The law gives effect to the real transaction entered into between parties, and disregards a disguised or simulated transaction.
Under what circumstances will a transaction be a "simulated" transaction that SARS is entitled to ignore in favour of the "real" transaction?
No sophisticated legal system can allow itself to be blinded by the label that parties to a transaction choose to append to it. Our common law is clear that the courts must have regard to the real transaction, and not to any disguised or simulated transaction.
For example, just because two parties describe their transaction as a loan is not conclusive of the fact that it is, indeed, a loan (which may be subject to donations tax, but is not subject to income tax). It may, for example, be a disguised reward for services rendered, in which event the law will not treat it as a loan, but as a quid pro quo for services, and it will be subject to income tax.
What is a "simulated" or "disguised" transaction? In Erf 3183/1 Ladysmith (Pty) Ltd v Commissioner for Inland Revenue 1996 (3) SA 942 (SCA) the Supreme Court of Appeal quoted with approval from the decision of the Appellate Division in Zandberg v Van Zyl 1910 AD 302 at 309 where Innes JA said-
Not frequently, however (either to secure some advantage which otherwise the law would not give, or to escape some disability which otherwise the law would impose), the parties to a transaction endeavour to conceal its real character. They call it by a name, or give it a shape, intended not to express but to disguise its true nature. And when a Court is asked to decide any rights under such an agreement, it can only do so by giving effect to what the transaction really is; not what in form it purports to be
The Supreme Court of Appeal also quoted with approval from the decision in Commissioner of Customs and Excise v Randles, Brothers & Hudson Ltd 1941 AD 369 at 395 - 396 where it was held that (emphasis added) -
[a] transaction is not necessarily a disguised one because it is devised for the purpose of evading the prohibition in the Act or avoiding liability for the tax imposed by it. A transaction devised for that purpose, if the parties honestly intend it to have effect according to its tenor, is interpreted by the Court according to its tenor, and then the only question is whether, so interpreted, it falls within or without the prohibition or tax.

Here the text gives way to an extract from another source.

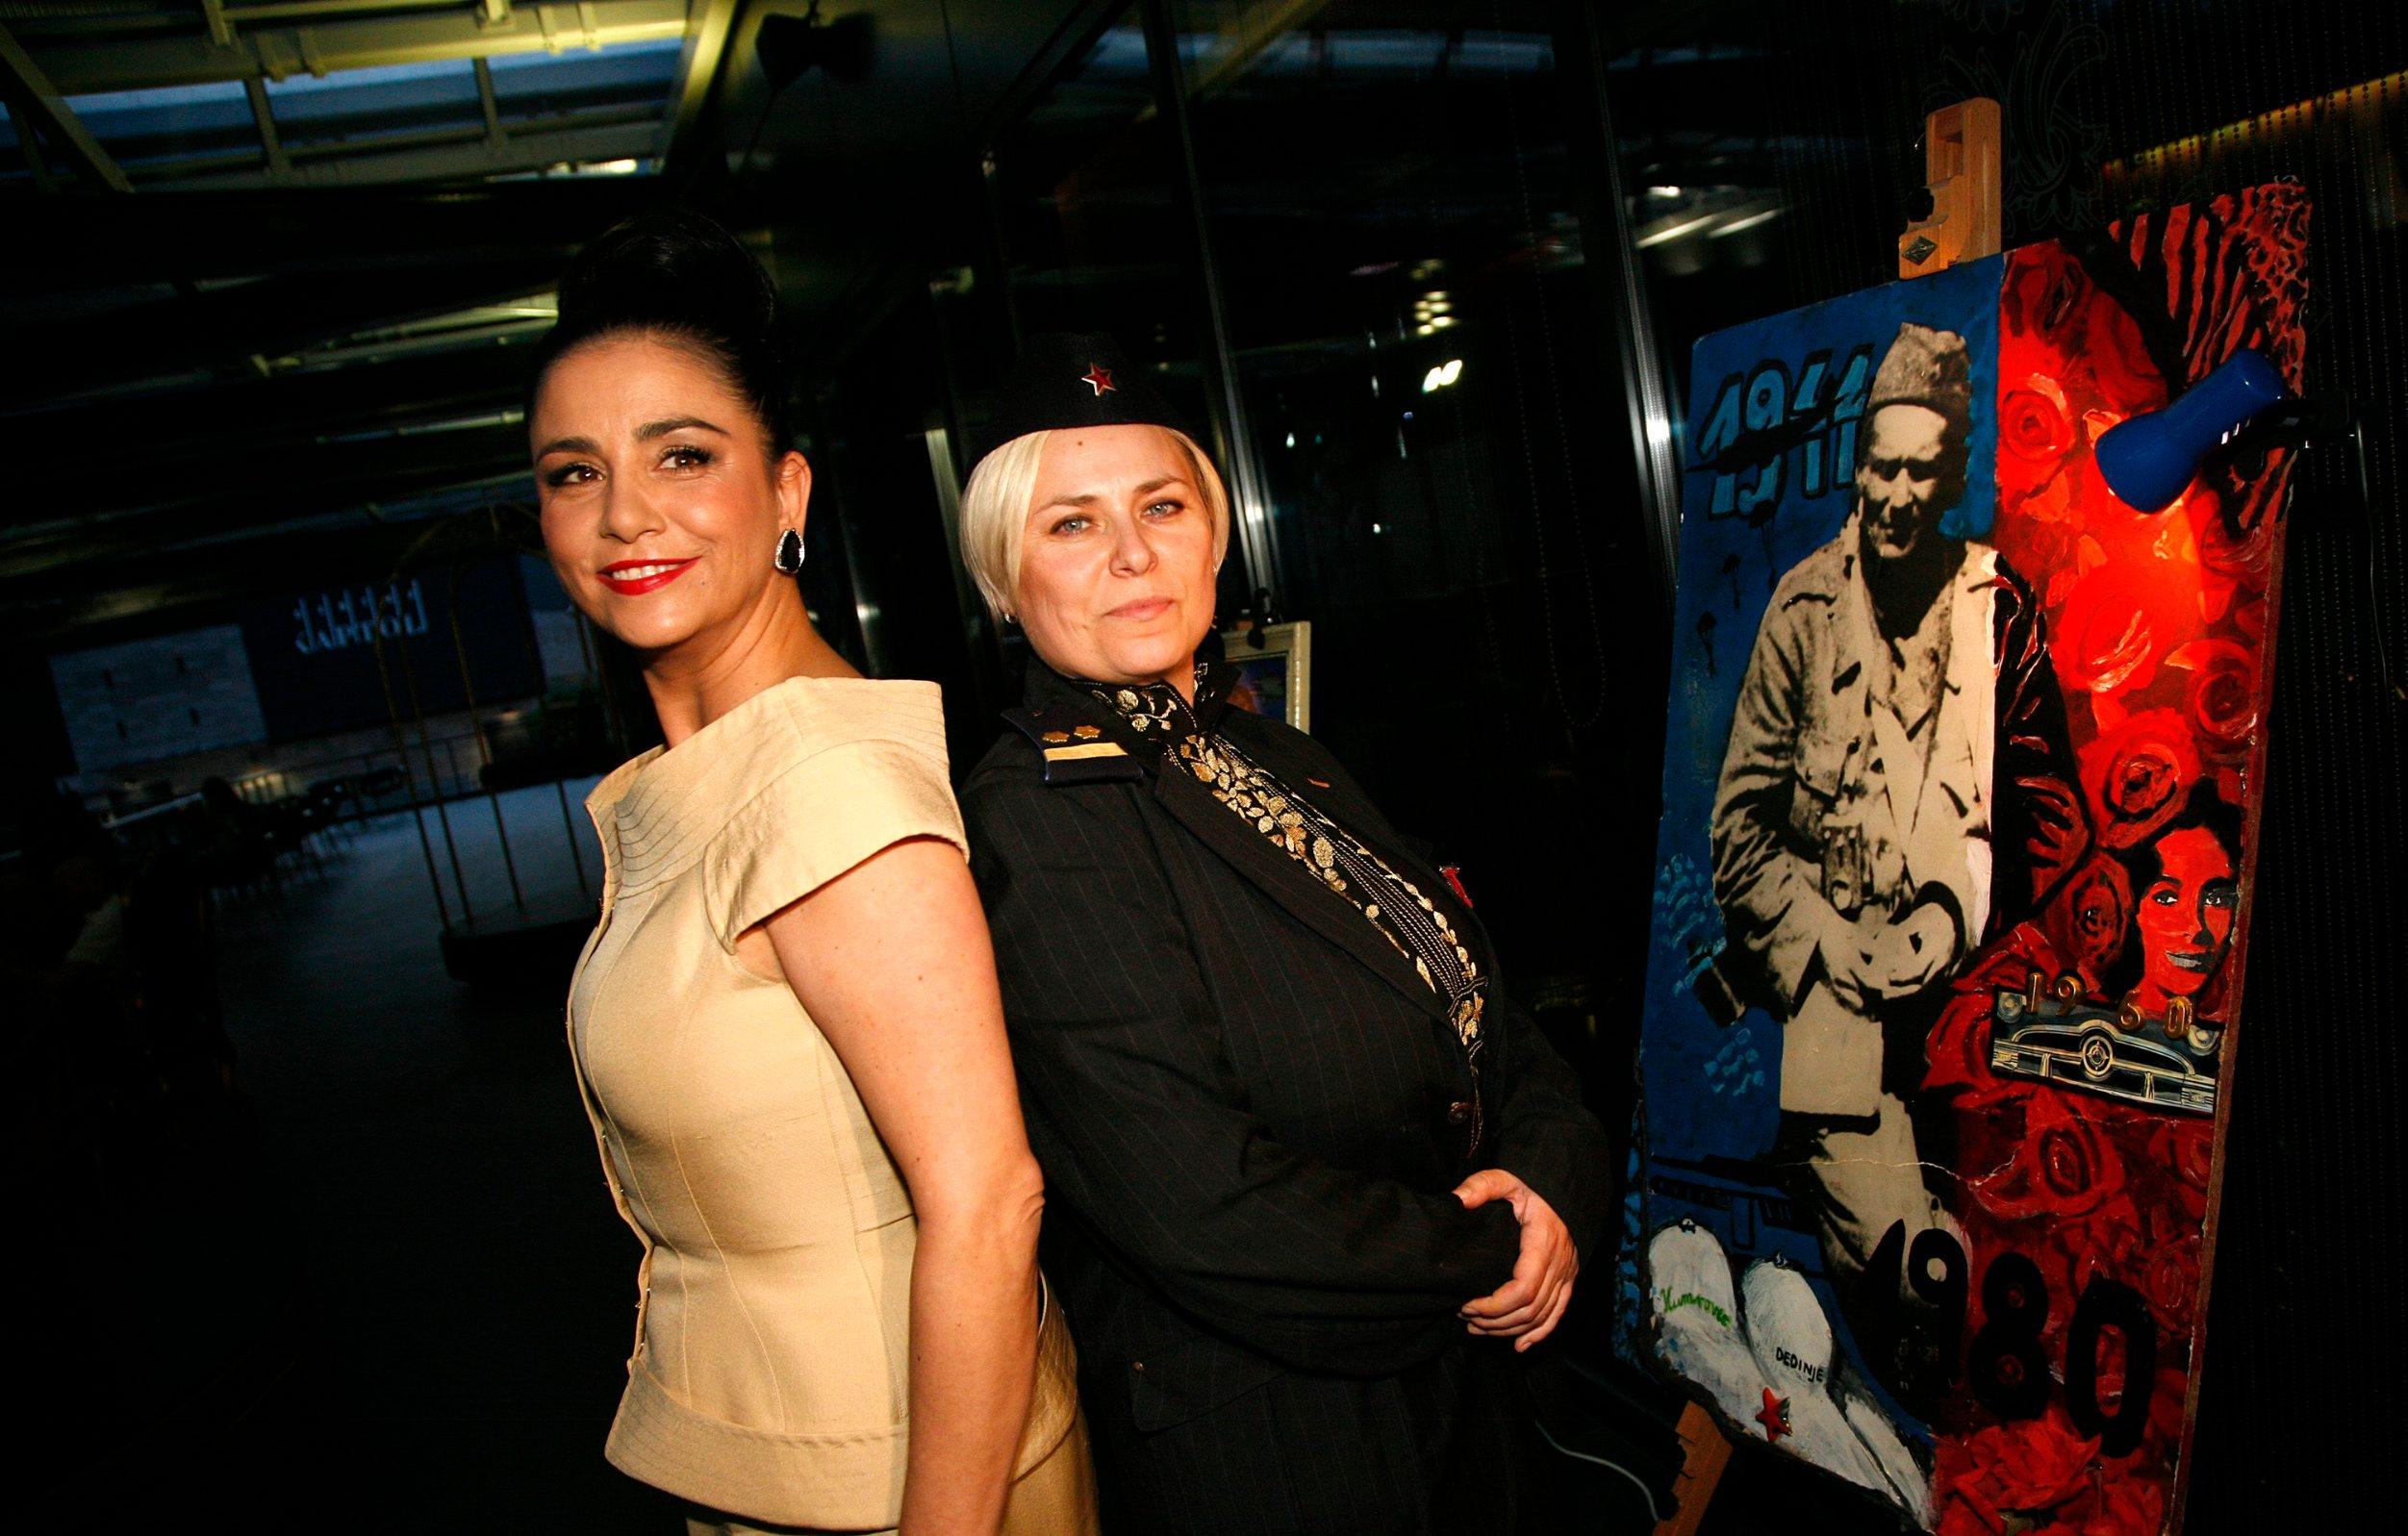 Zagreb,250510 Tito party i izlozba Sandre Jurak Pop-art u Cascade centru u Pos baru. Na fotografiji: Alka Vuica kao Jovanka Broz i autorica Sandra Jurak. Foto: Ranko Suvar / CROPIX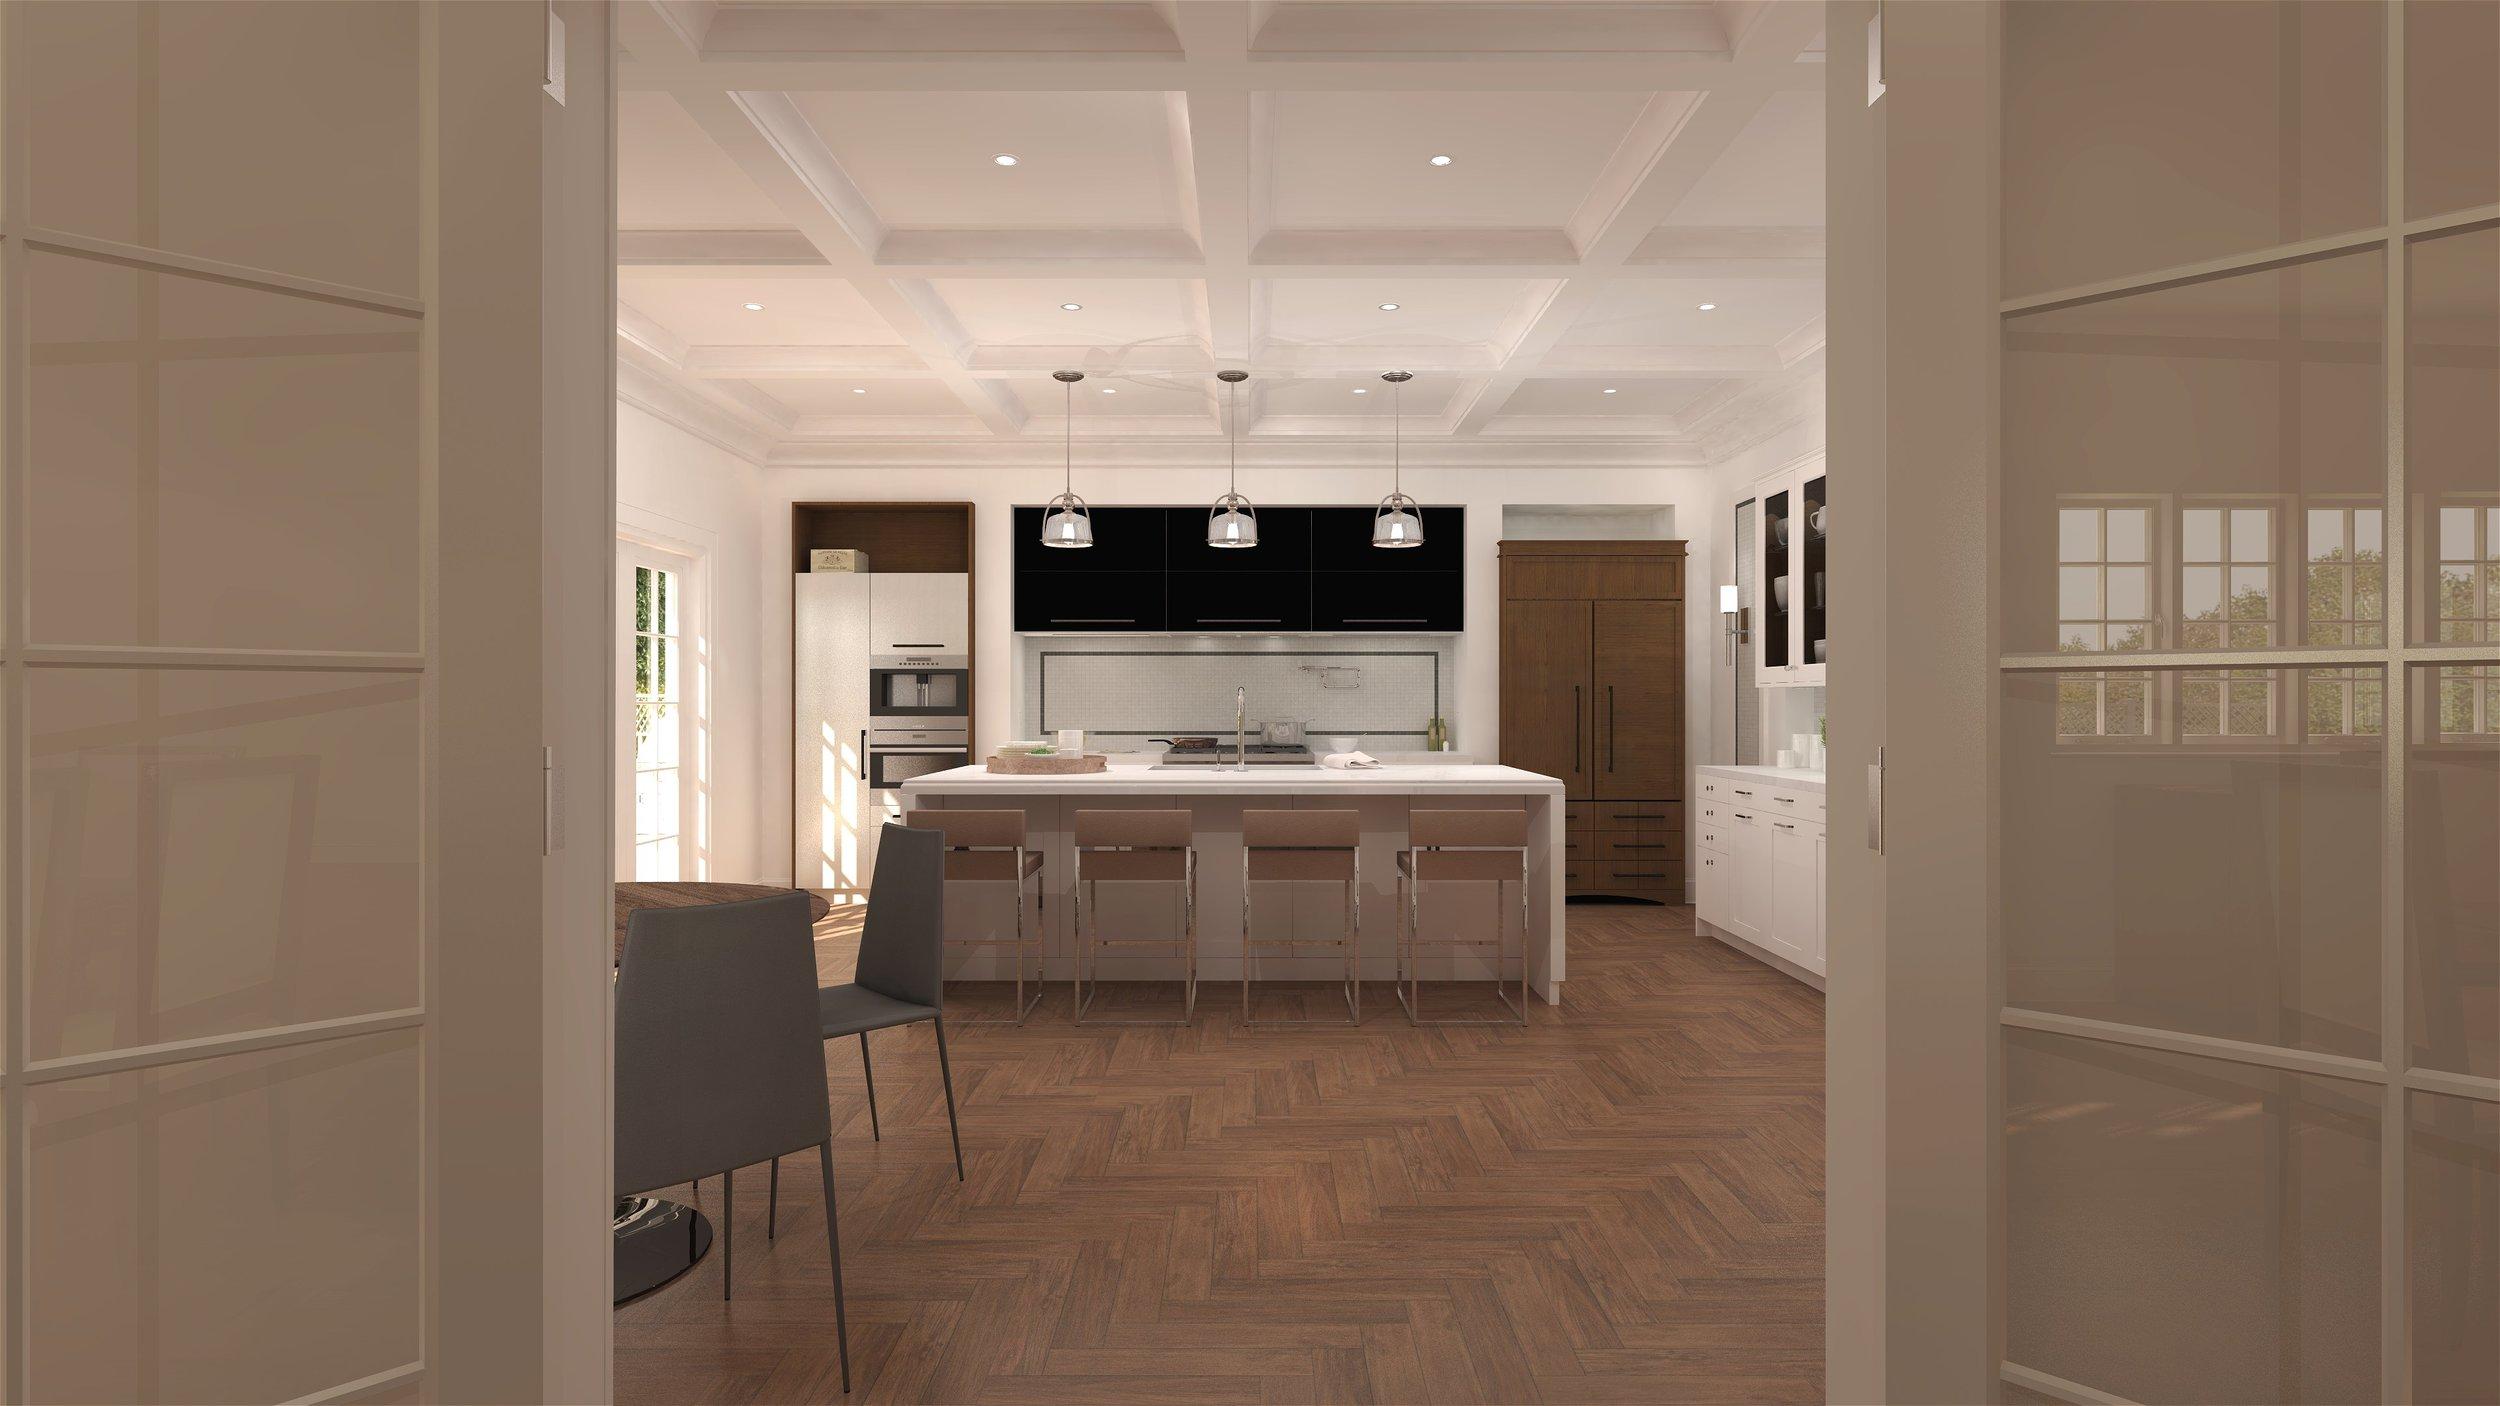 deSousaDESIGN_Kitchen_New_Vintage_V1i_3840x2160.jpg

According to these criteria, therefore, a transaction cannot be said to be simulated or disguised if the parties intend to give effect to the transaction "according to its tenor", that is to say, in accordance with the provisions of their agreement
However, in Commissioner for South African Revenue Service v NWK Ltd  ZASCA 168 the Supreme Court of Appeal handed down a judgement on 1 December 2010 which radically changes the concept of a "simulated transaction".
In the latter case, the unanimous judgement of the court, given by Lewis JA, held at paragraph  that (emphasis added) -
In my view the test to determine simulation cannot simply be whether there is an intention to give effect to a contract in accordance with its terms. Invariably where parties structure a transaction to achieve an objective other than the one ostensibly achieved they will intend to give effect to the transaction on the terms agreed. The test should thus go further, and require an examination of the commercial sense of the transaction: of its real substance and purpose. If the purpose of the transaction is only to achieve an object that allows the evasion of tax, or of a peremptory law, then it will be regarded as simulated. And the mere fact that parties do perform in terms of the contract does not show that it is not simulated: the charade of performance is generally meant to give credence to their simulation.
In terms of the latter criterion, therefore, the fact that the parties to a transaction intend to give effect to the agreement in accordance with its terms is not conclusive of the fact that it is not a "simulated" transaction. Indeed, even if they actually carry out their obligations under the transaction, it is possible that the transaction will still have been "simulated".
This new criterion will make it much more difficult for commercial lawyers to predict (and advise their clients) whether a contract entered into by them will be attacked by the South African Revenue Service on the grounds that it is "simulated". If SARS's contention in this regard were to be upheld by the courts, the result would be that SARS would tax the parties, not on the basis of their "simulated" transaction, but on the basis of the "real" transaction.